A weak Harnack inequality for fractional evolution equations with discontinuous coefficients

TL;DR

This paper establishes a weak Harnack inequality for nonnegative solutions of linear time fractional diffusion equations with discontinuous coefficients, enabling further results like maximum principles and solution regularity.

Contribution

It introduces a novel weak Harnack inequality for fractional diffusion equations with minimal coefficient regularity, using new a priori estimates and avoiding complex BMO techniques.

Findings

Proved a weak Harnack inequality with optimal critical exponent.

Established the strong maximum principle for fractional diffusion.

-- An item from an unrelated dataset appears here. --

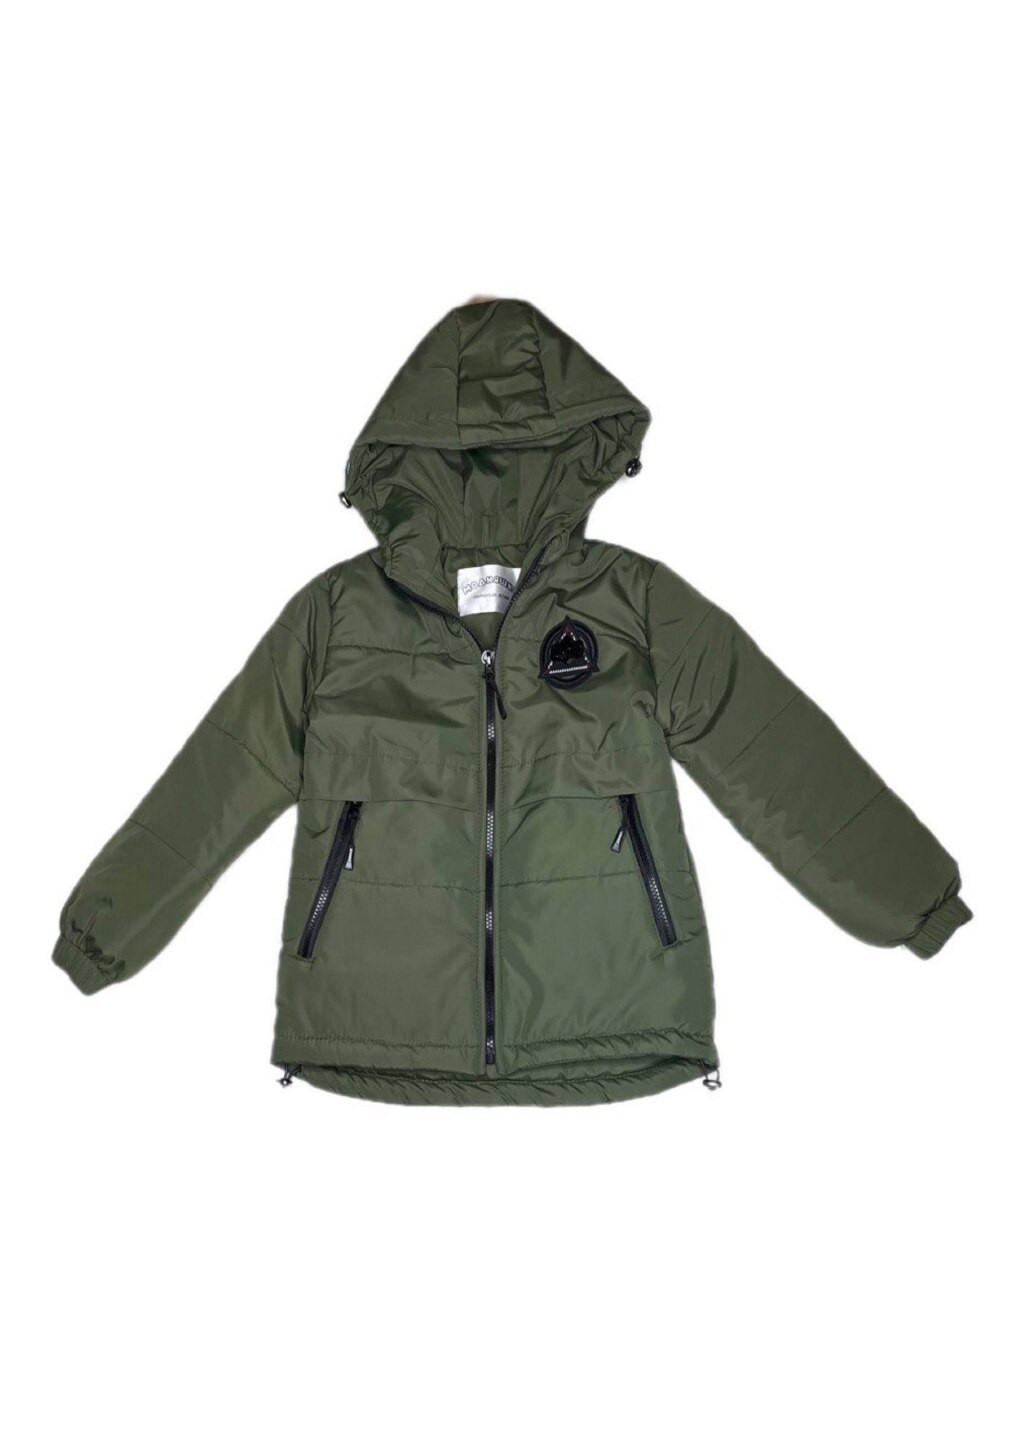 Оливковая (хаки) демисезонная куртка демисезонная для мальчика цвета хаки Модняшки

Demonstrated continuity of solutions at initial time t=0.

Abstract

We study linear time fractional diffusion equations in divergence form of time order less than one. It is merely assumed that the coefficients are measurable and bounded, and that they satisfy a uniform parabolicity condition. As the main result we establish for nonnegative weak supersolutions of such problems a weak Harnack inequality with optimal critical exponent. The proof relies on new a priori estimates for time fractional problems and uses Moser's iteration technique and an abstract lemma of Bombieri and Giusti, the latter allowing to avoid the rather technically involved approach via BMO. As applications of the weak Harnack inequality we establish the strong maximum principle, continuity of weak solutions at t = 0, and a Liouville type theorem.